> Task to complete: Could you output each line below precisely as it stands, without the images?

> Recorded information:
########
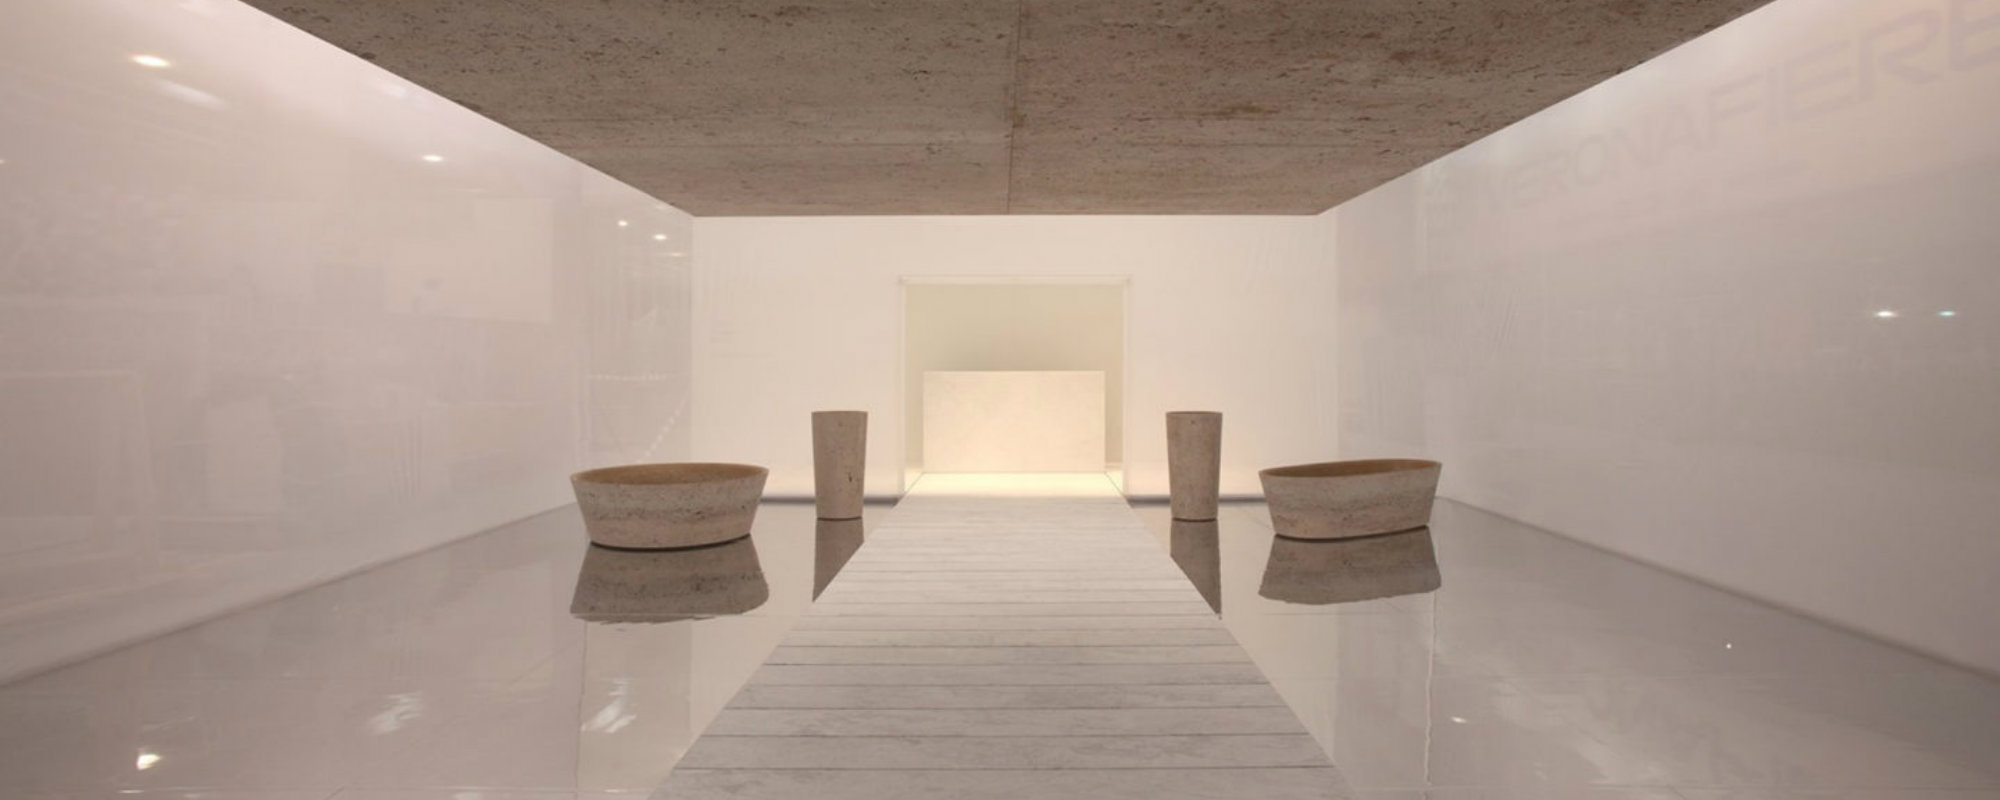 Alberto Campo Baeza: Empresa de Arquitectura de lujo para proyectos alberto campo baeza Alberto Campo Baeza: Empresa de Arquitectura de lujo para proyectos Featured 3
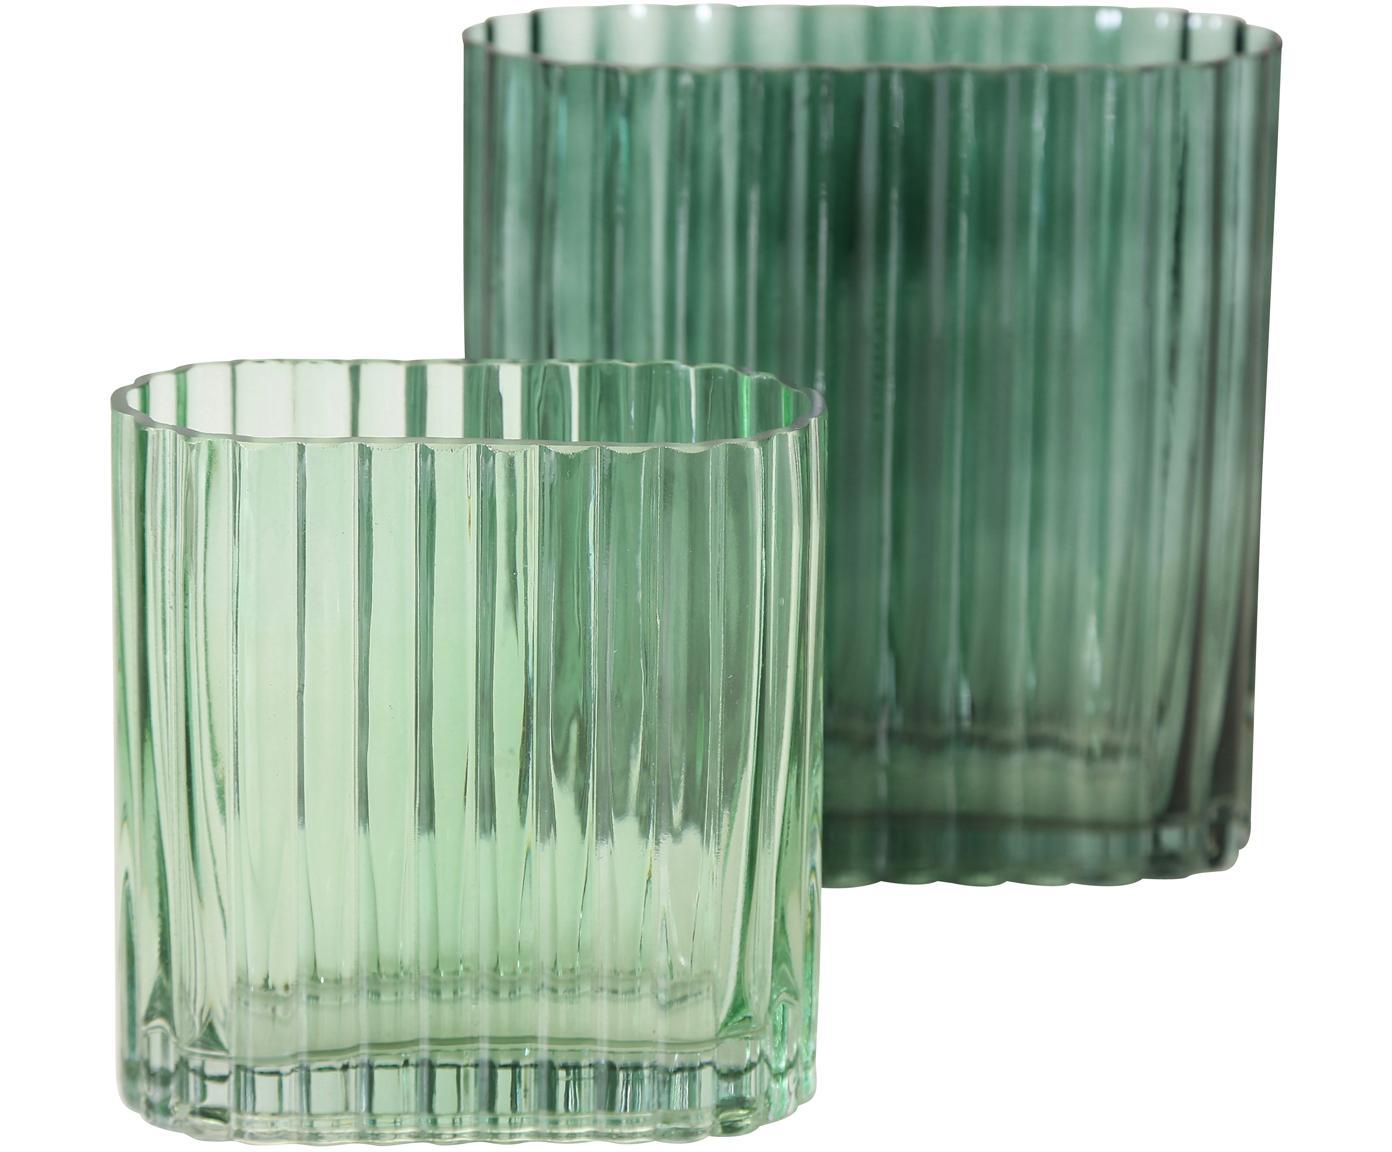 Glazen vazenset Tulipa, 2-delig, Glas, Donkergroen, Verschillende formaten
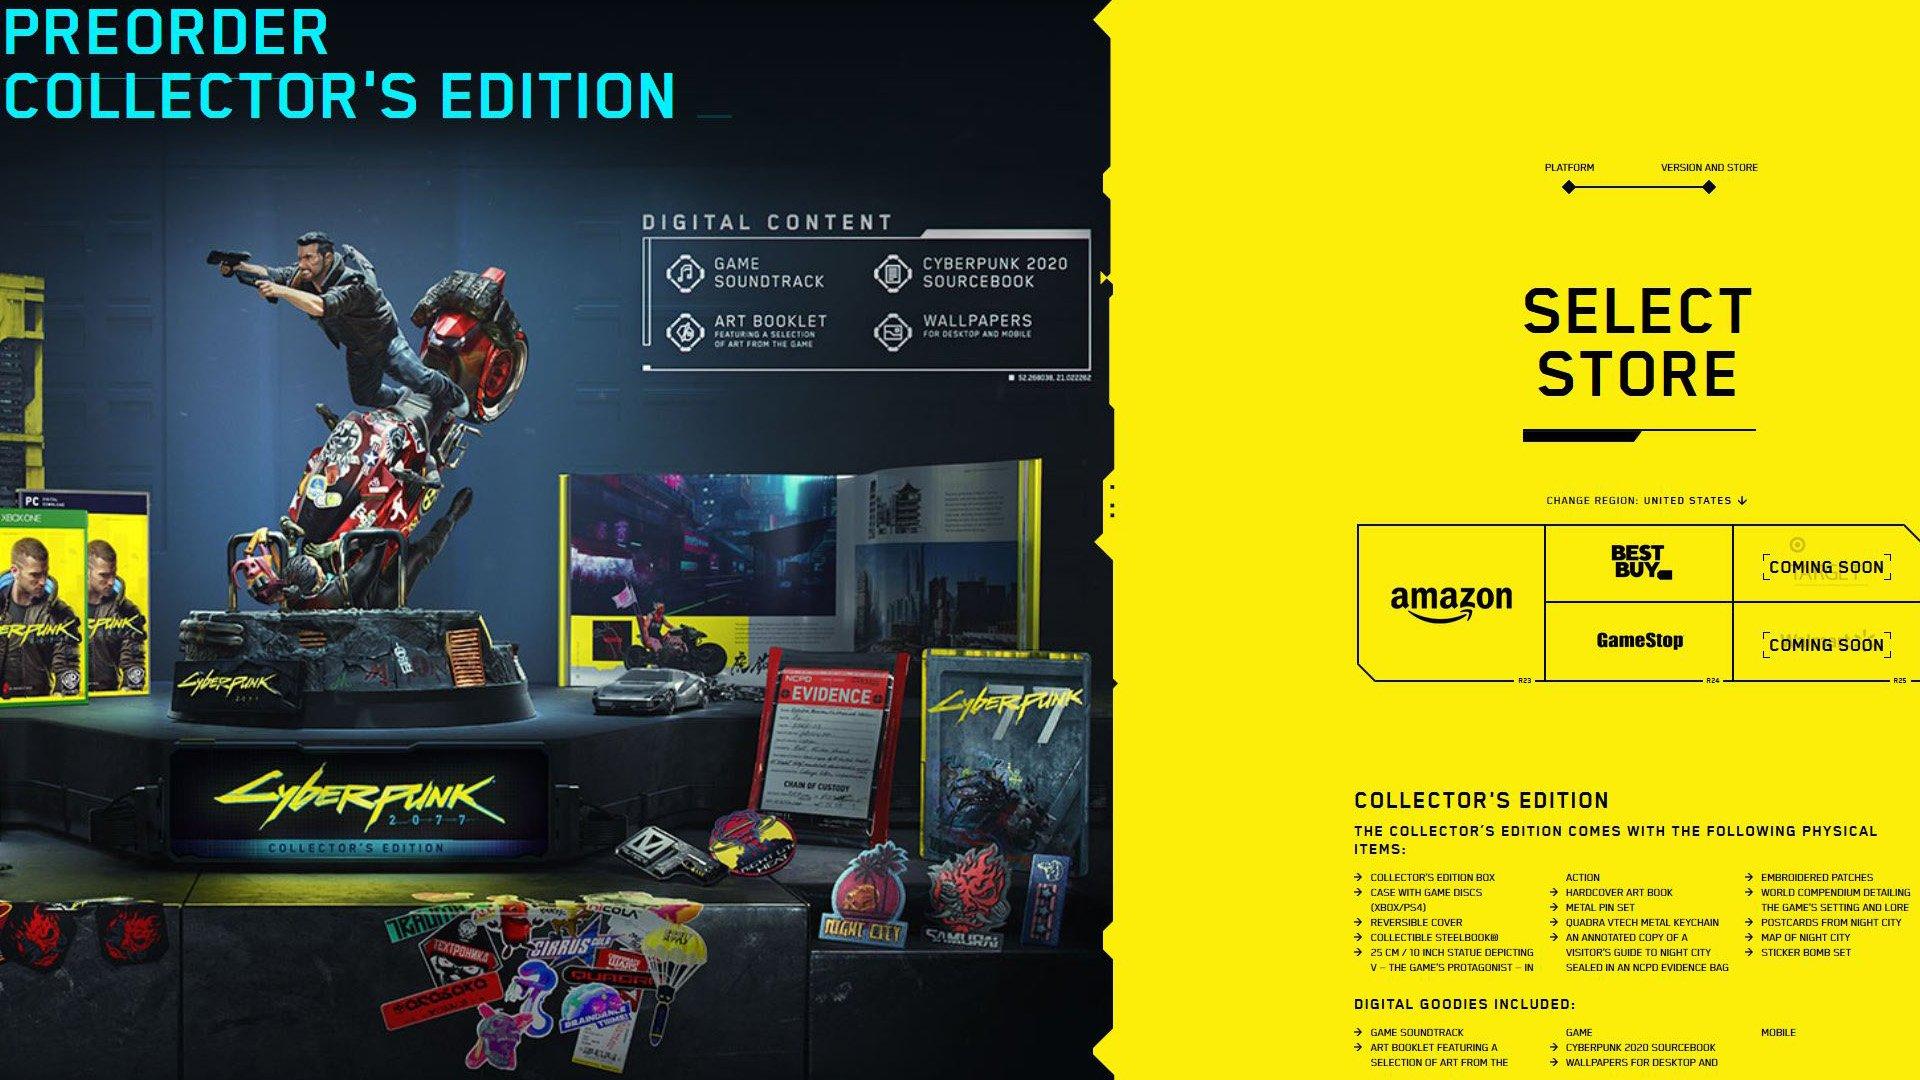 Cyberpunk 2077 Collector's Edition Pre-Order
########
> Response:
 Alberto Campo Baeza: Empresa de Arquitectura de lujo para proyectos alberto campo baeza Alberto Campo Baeza: Empresa de Arquitectura de lujo para proyectos Featured 3
 Glazen vazenset Tulipa, 2-delig, Glas, Donkergroen, Verschillende formaten
 Cyberpunk 2077 Collector's Edition Pre-Order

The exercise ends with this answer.